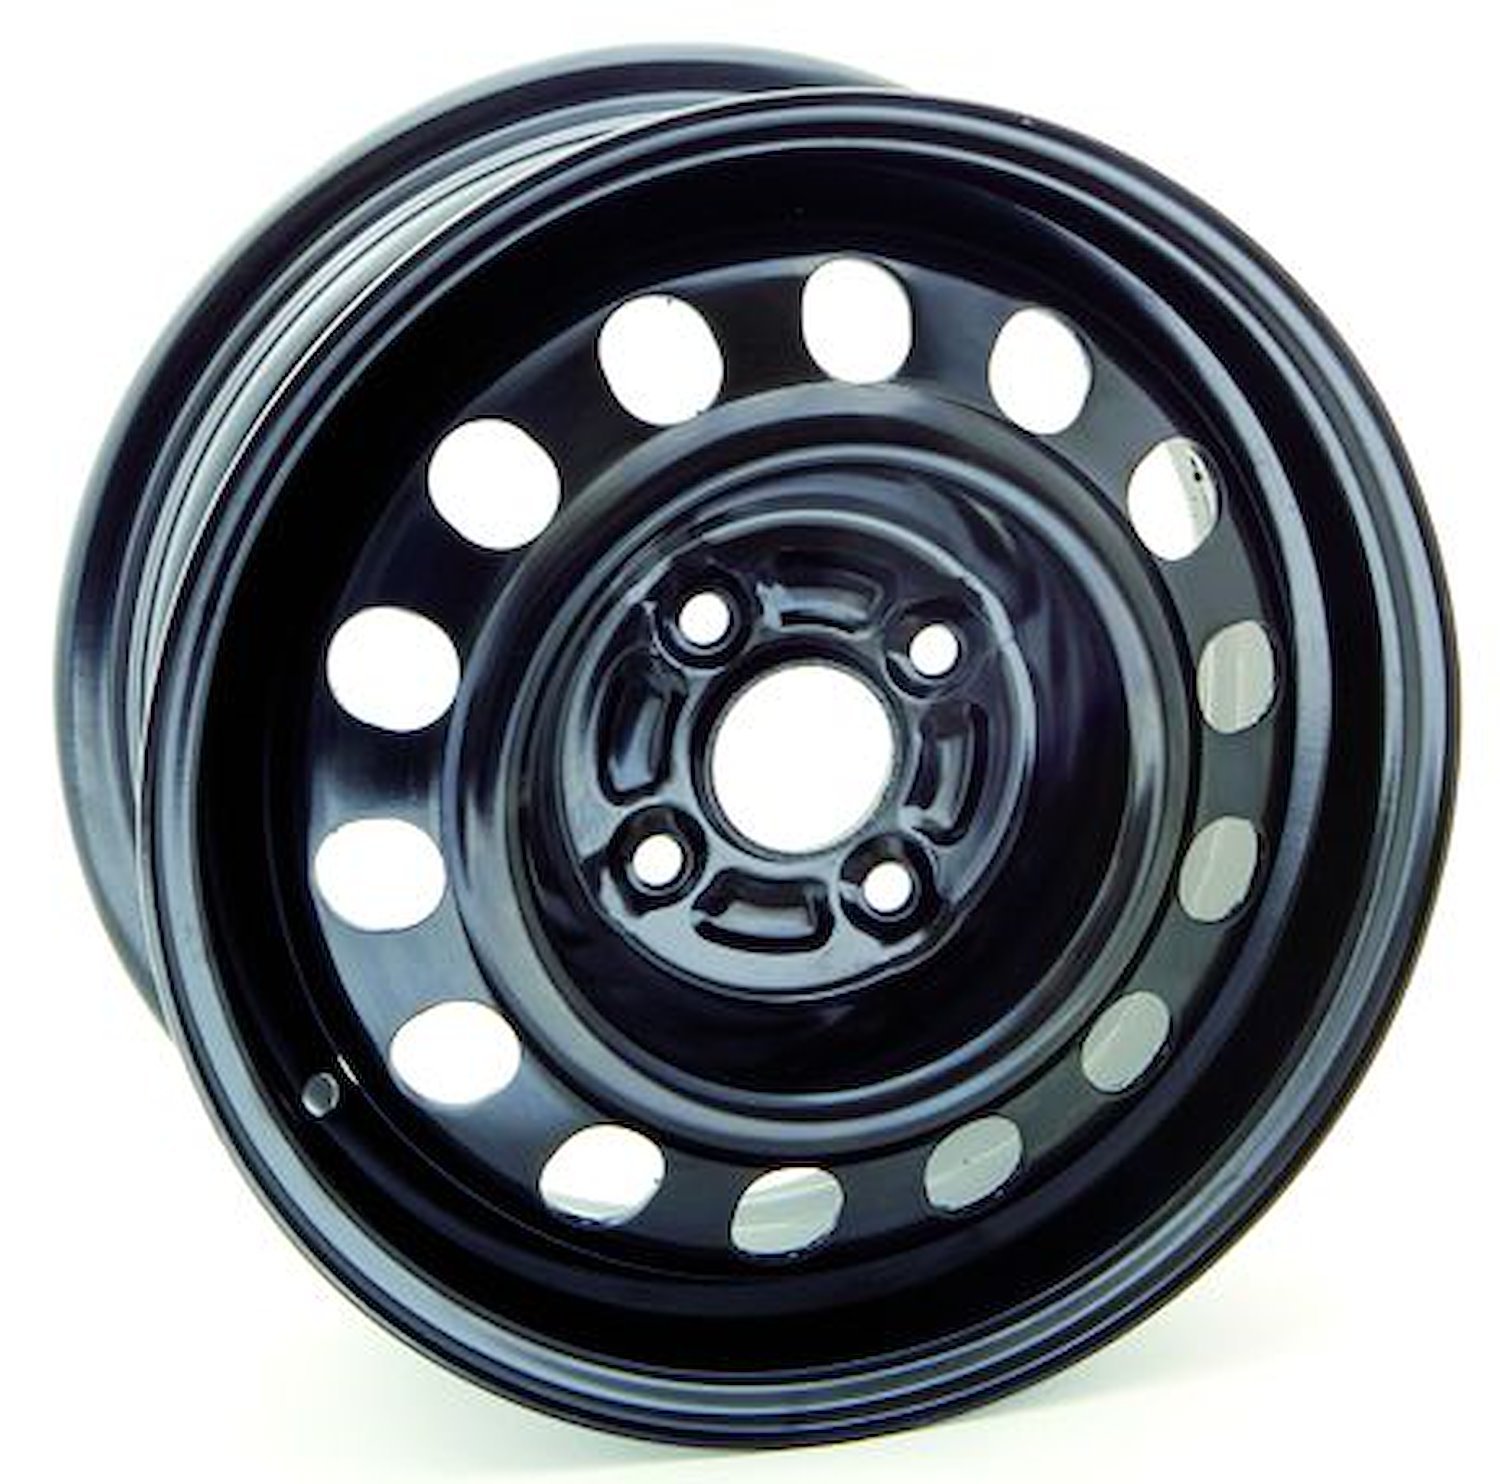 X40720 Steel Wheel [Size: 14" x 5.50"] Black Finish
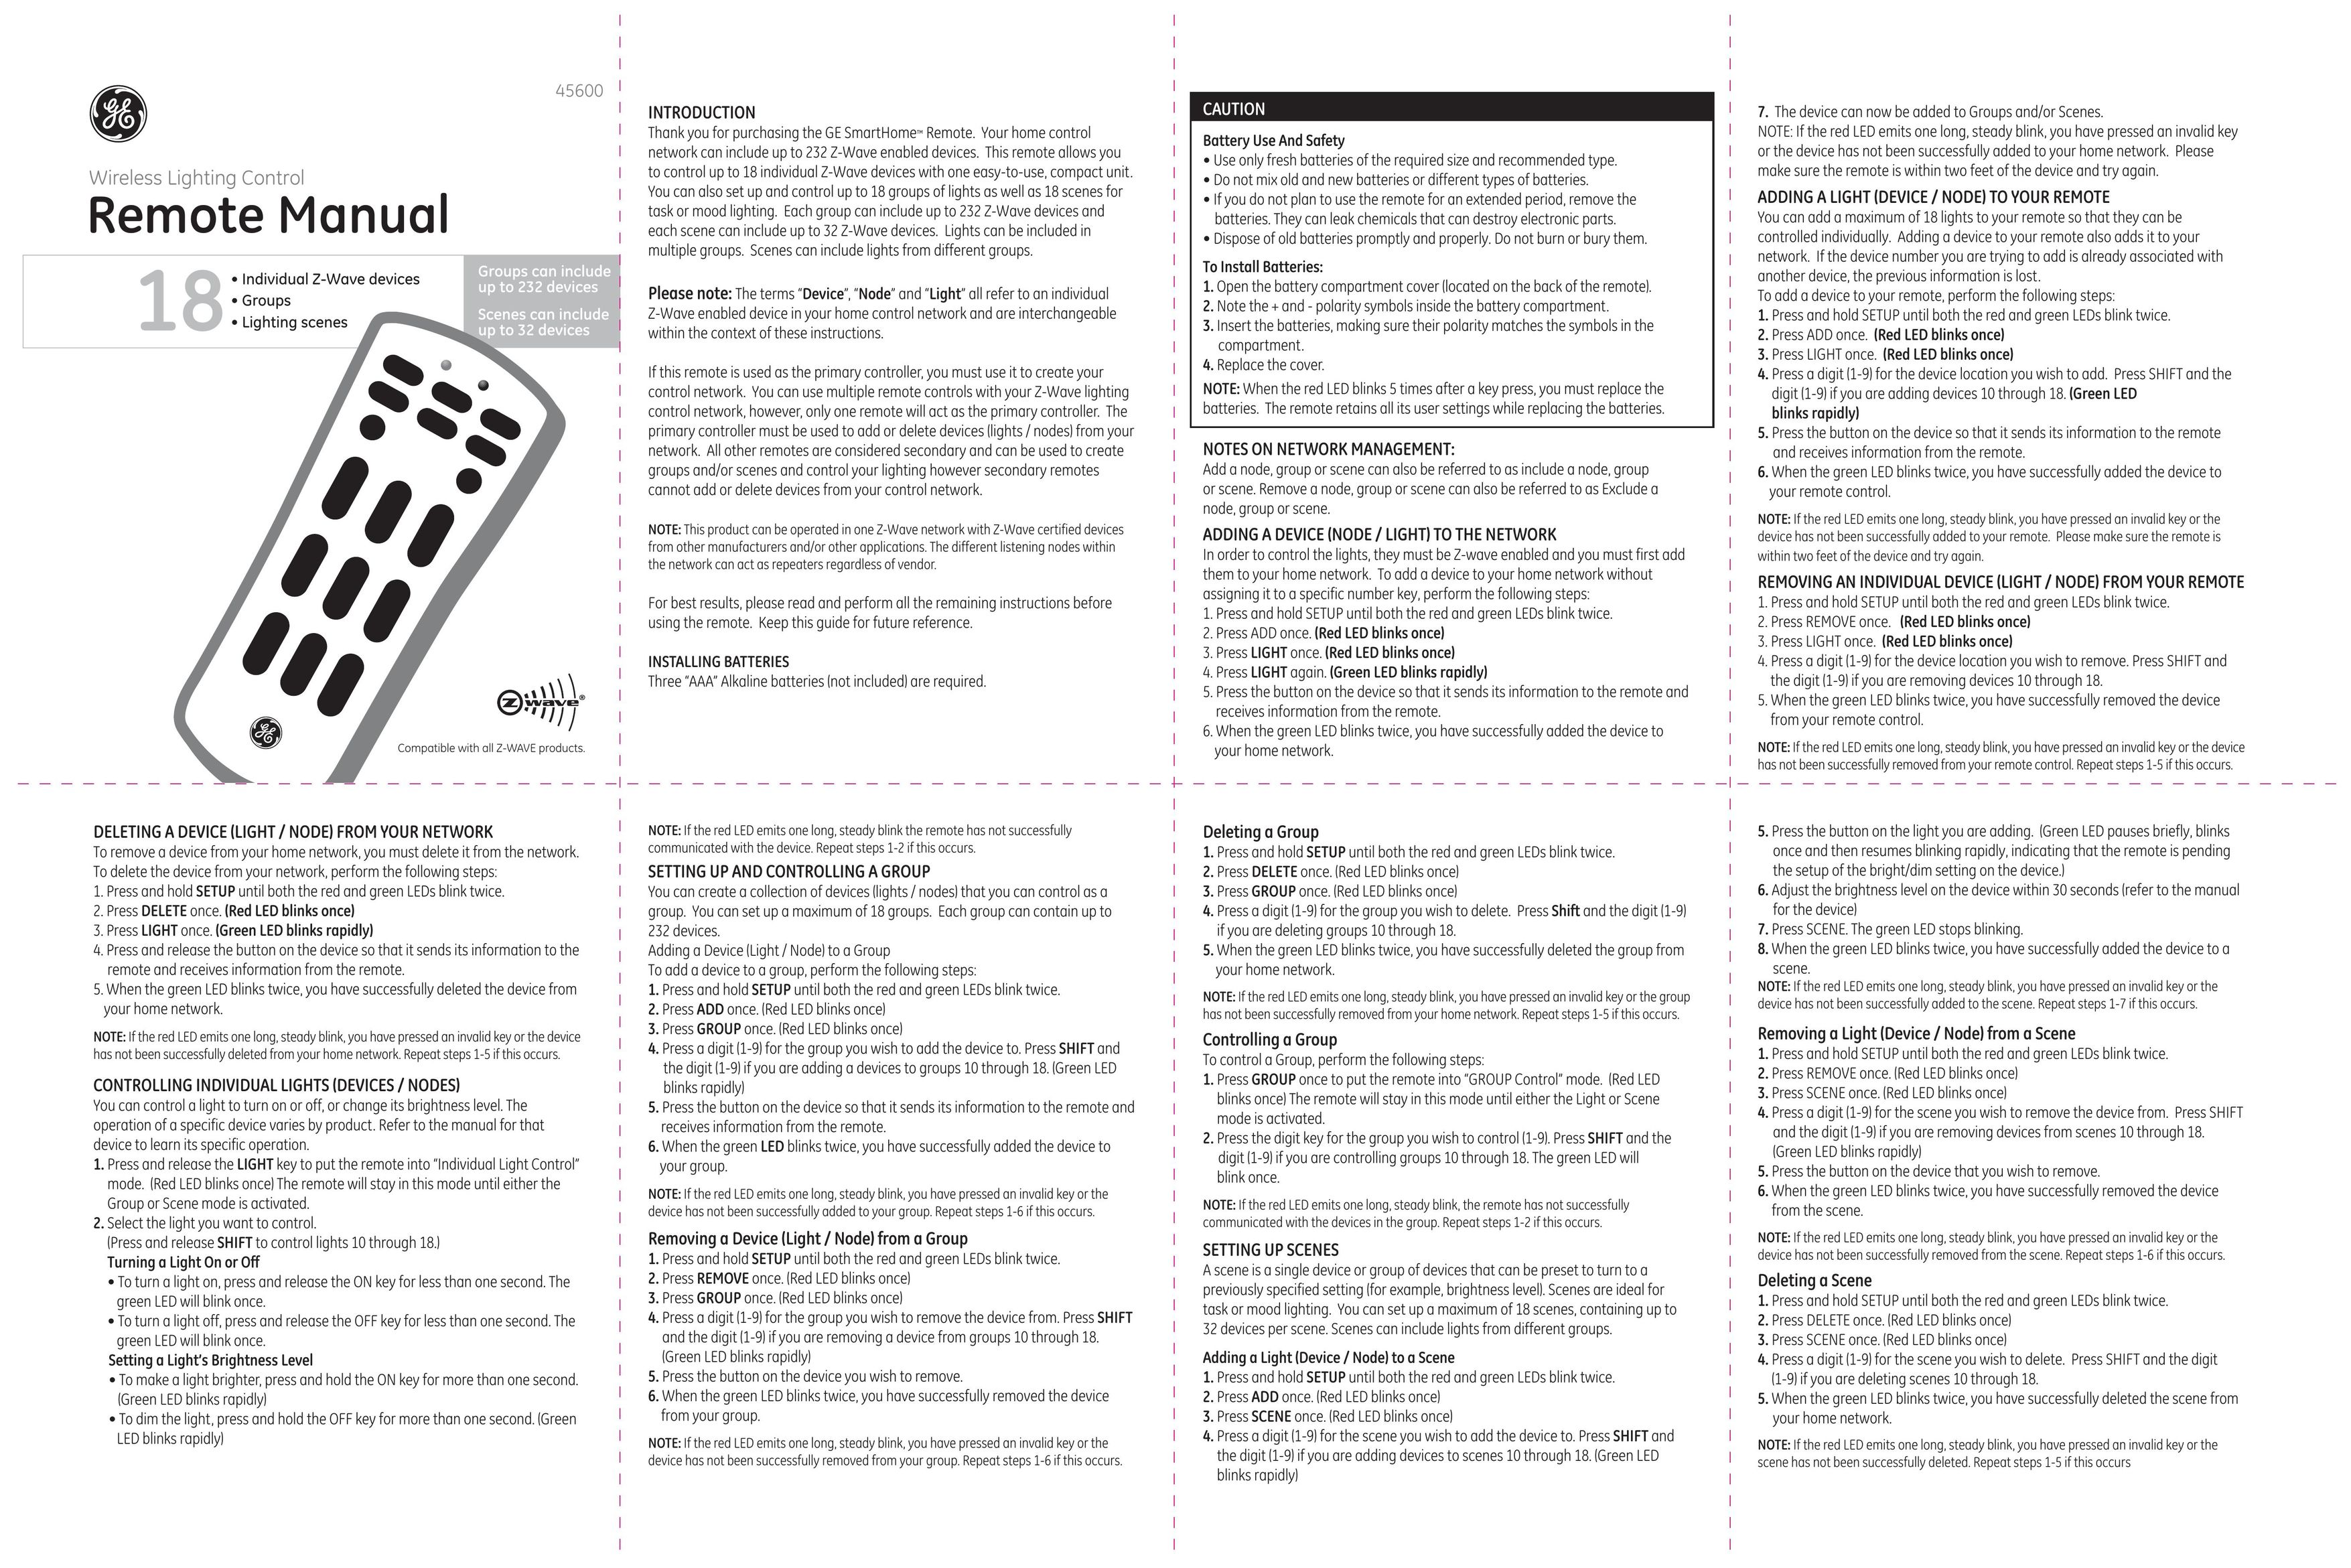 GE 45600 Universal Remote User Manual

********************

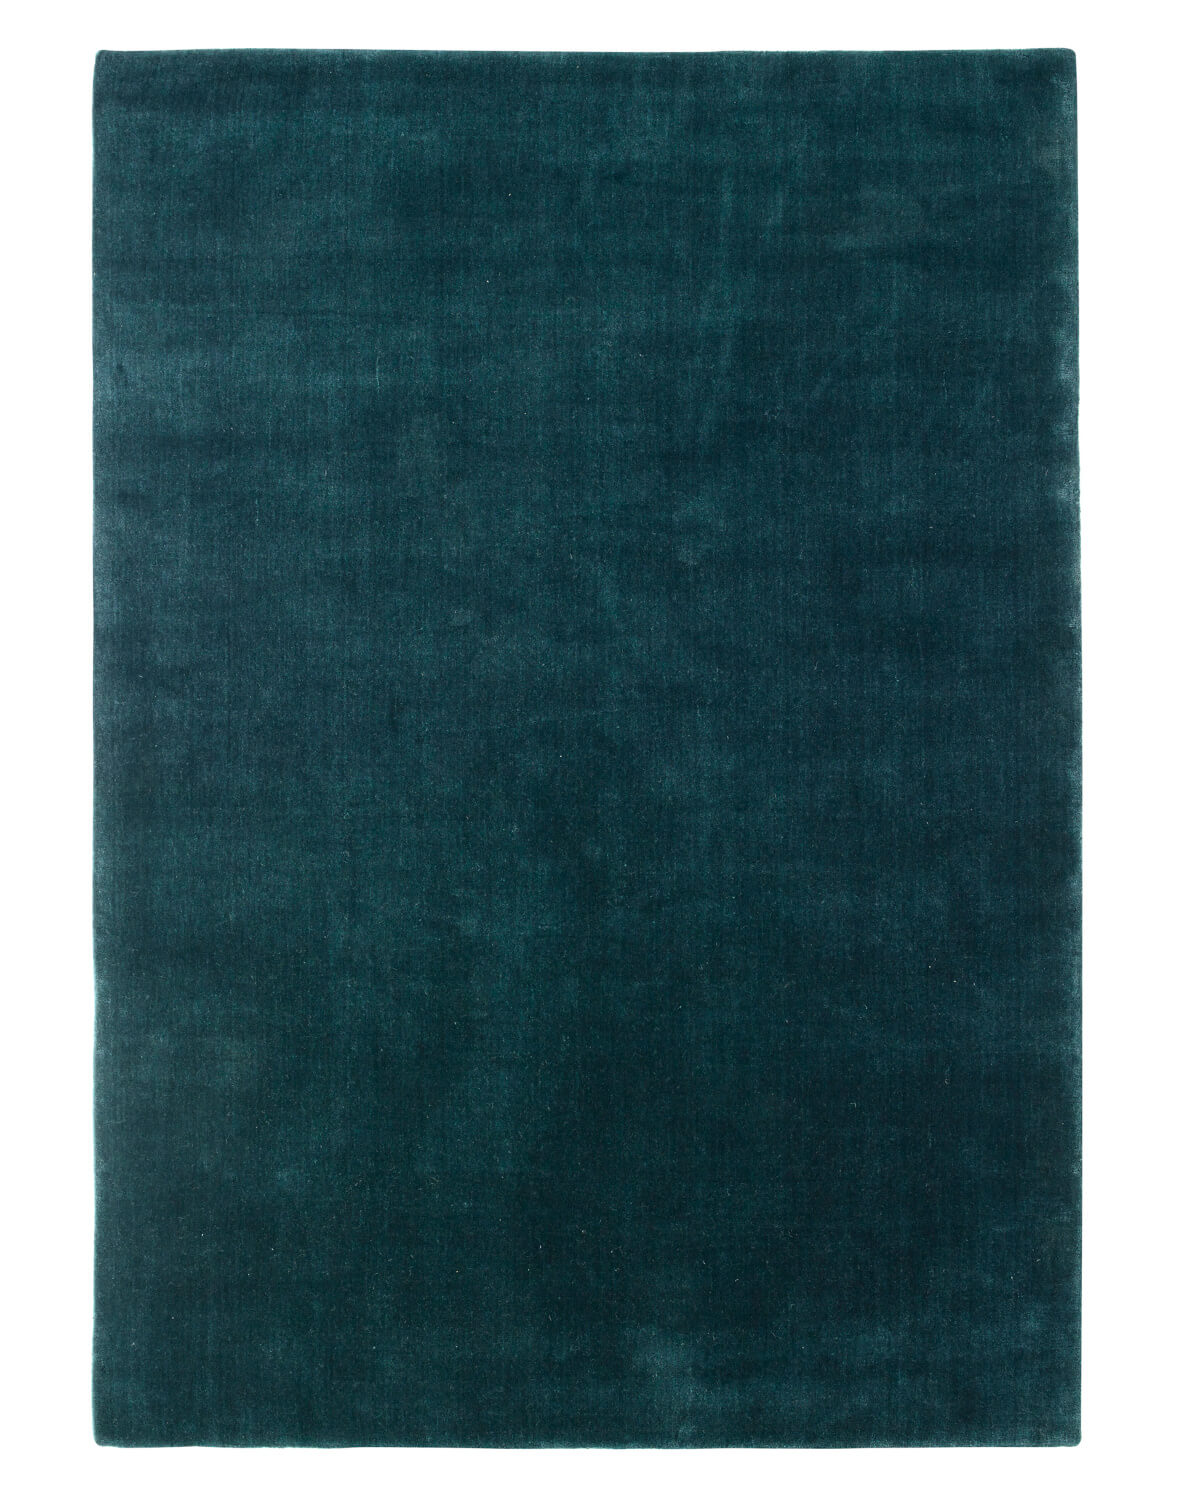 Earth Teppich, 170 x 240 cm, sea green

********************

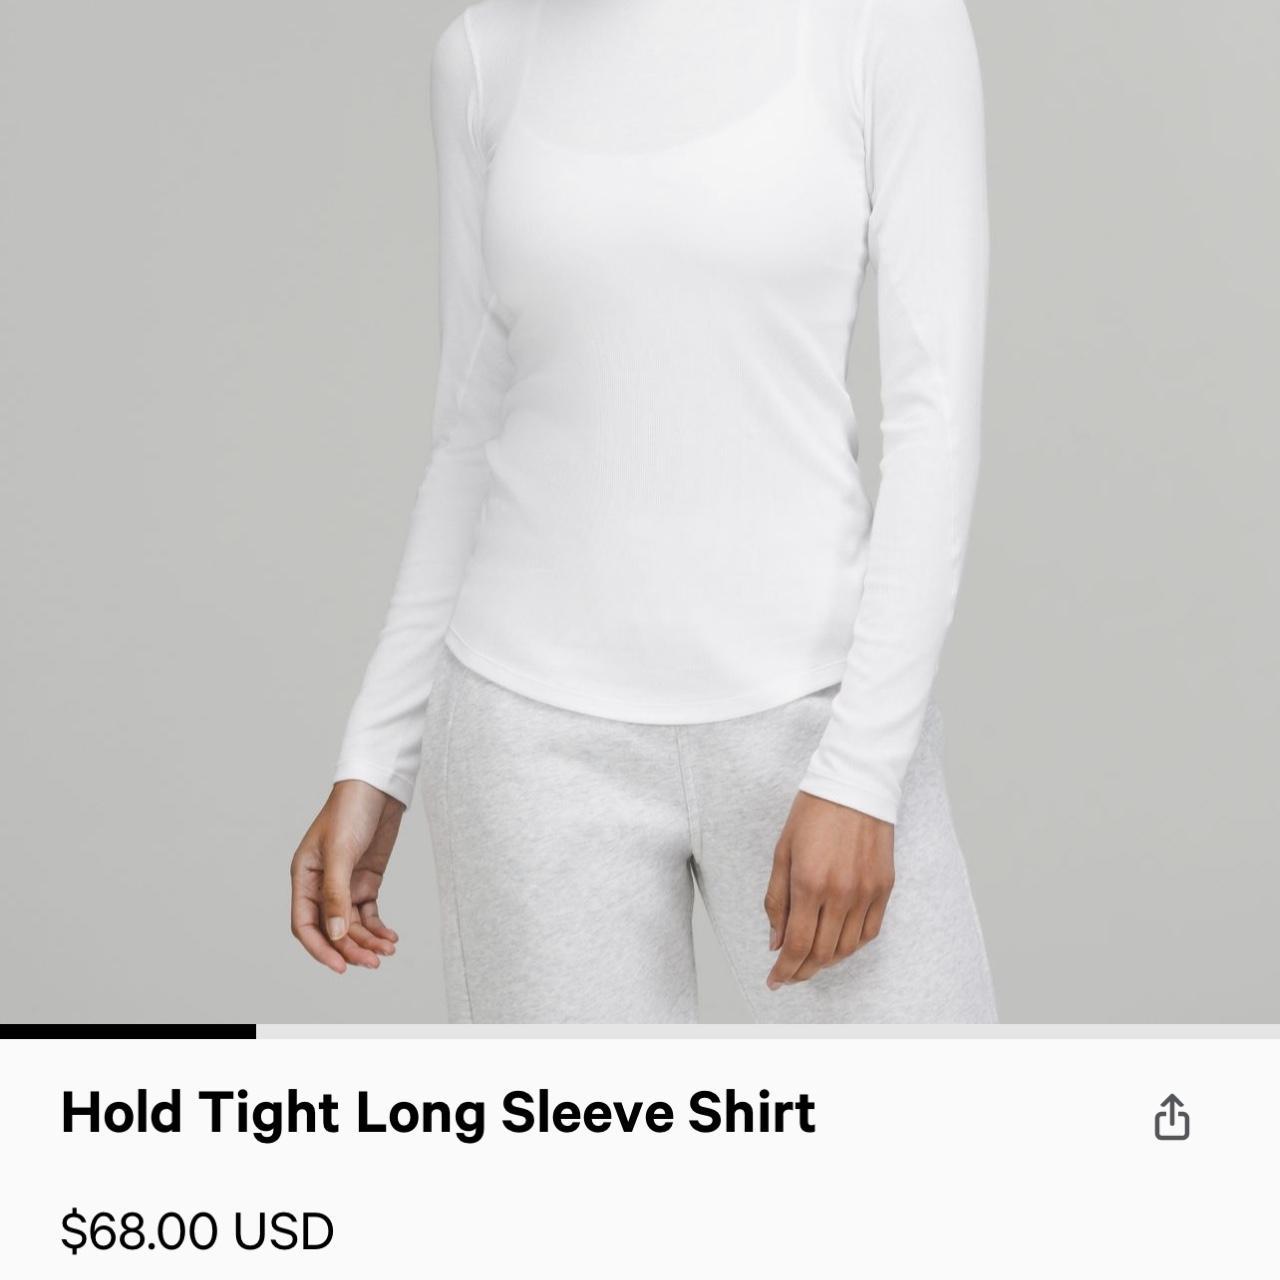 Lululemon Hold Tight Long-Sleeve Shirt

********************

> Your task: Copy out the listing above from the line containing "X40720 Steel Wheel" to the line containing "GE 45600 Universal Remote User Manual", both included, exactly as written and minus the images.

> Answer below:
 X40720 Steel Wheel [Size: 14" x 5.50"] Black Finish
 GE 45600 Universal Remote User Manual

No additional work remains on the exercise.